El Boletín Oficial de Cantabria (BOC) ha publicado el anuncio de información pública del Plan de Gestión de Lobo con el objetivo de que los interesados podrán presentar alegaciones y observaciones hasta el día 31 de enero ante la Dirección General del Medio Natural de la Consejería de Medio Rural, Pesca y Alimentación del Gobierno de Cantabria.

En ese plazo, el proyecto podrá consultarse en la propia Dirección General, situada en el Parque Científico y Tecnológico (PCTCAN), en esta página web y en el Portal de Transparencia de Cantabria

Este documento se plantea como una herramienta fundamental que, atendiendo a la demanda social y enmarcado en los conocimientos científicos y técnicos existentes en la actualidad, garantice el buen estado de conservación del lobo en Cantabria de forma compatible con el mantenimiento y la rentabilidad de la ganadería extensiva.

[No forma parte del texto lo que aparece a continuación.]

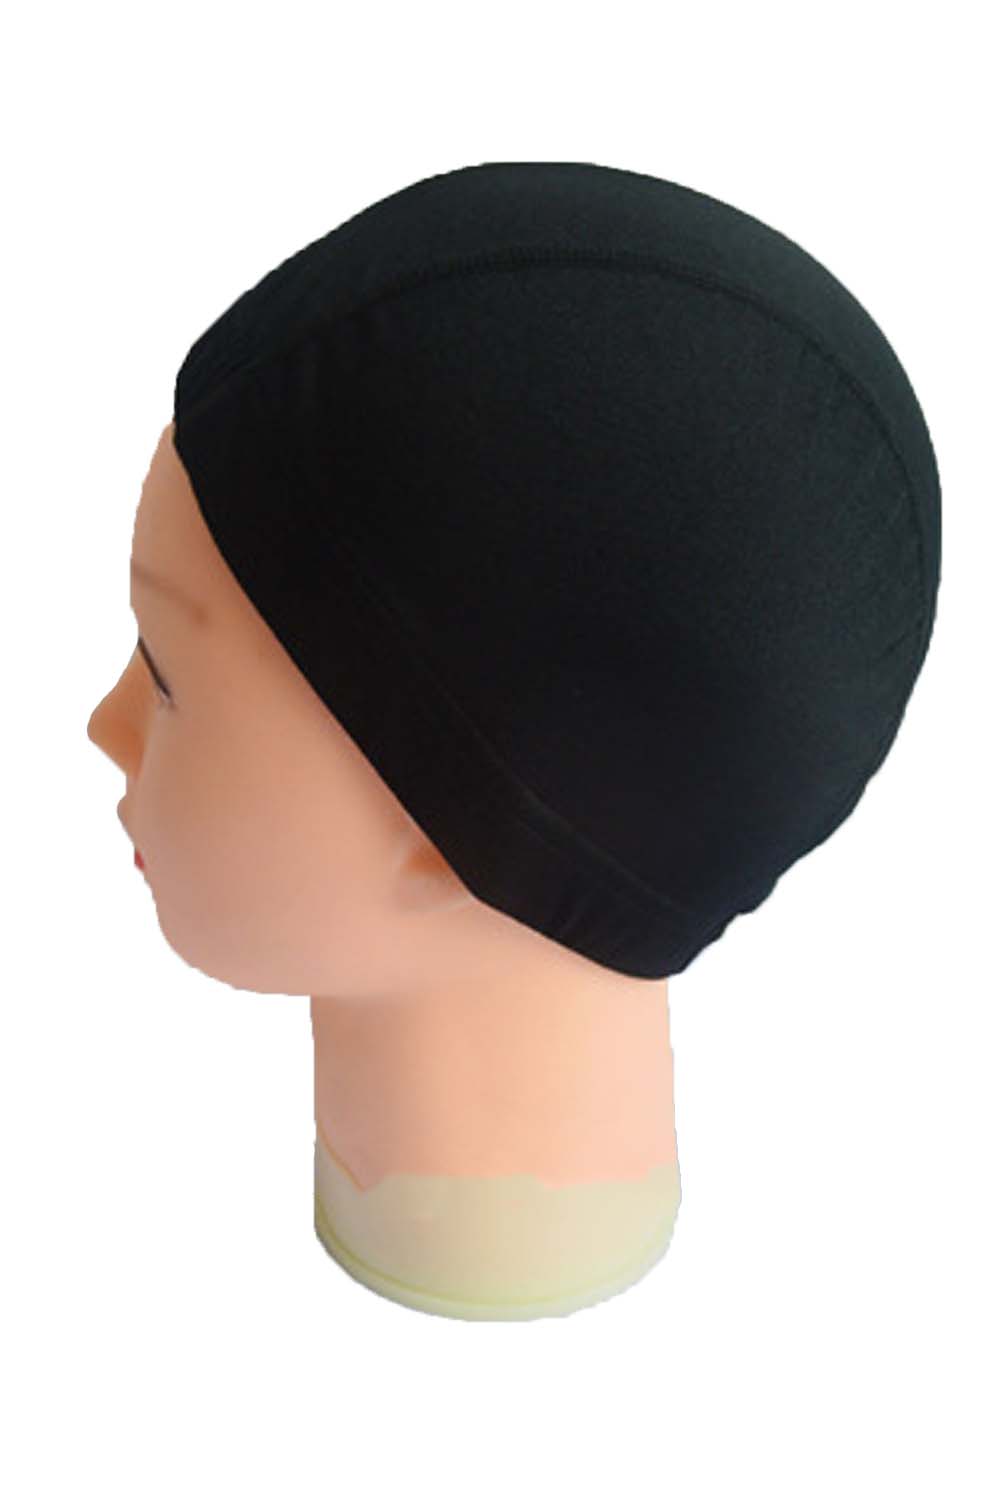 ventilated-dome-cap-diy-making-your-own-wig-accessories-side

La finalidad última de este Plan es, según el consejero de Medio Rural, Pesca y Alimentación, Jesús Oria, cumplir con las obligaciones legales que establecen la normativa europea y estatal, manteniendo en un estado de conservación favorable a la especie, y que la relación entre la ganadería extensiva y el lobo, que nunca va a estar libre de conflictos, «se mantenga dentro de los límites del razonable debate y lejos de las posiciones maximalistas o de los oportunistas, que tanto daño hacen a su gestión».

El proyecto de Plan de Gestión plantea un marco normativo específico que considera los aspectos biológicos, ecológicos y sociales, basado en la mejor información disponible y en una gestión adaptativa que responda adecuadamente a la evolución de la especie y su entorno.

Asimismo, este Plan pretende lograr que los daños que el lobo produzca en la ganadería extensiva no hagan inviable, o condicionen de manera relevante, su mantenimiento, mejora y rentabilidad en nuestra región, considerando que se trata de una actividad económica clave para las zonas rurales y que, por tanto, es esencial para luchar contra el despoblamiento, además de jugar un papel crucial en la conservación de la biodiversidad y los paisajes de Cantabria.

Por ello, incluye medidas para prevenir los ataques de los lobos y también para compensar a las explotaciones de ganadería extensiva de la región los daños que pueda ocasionar en sus cabañas.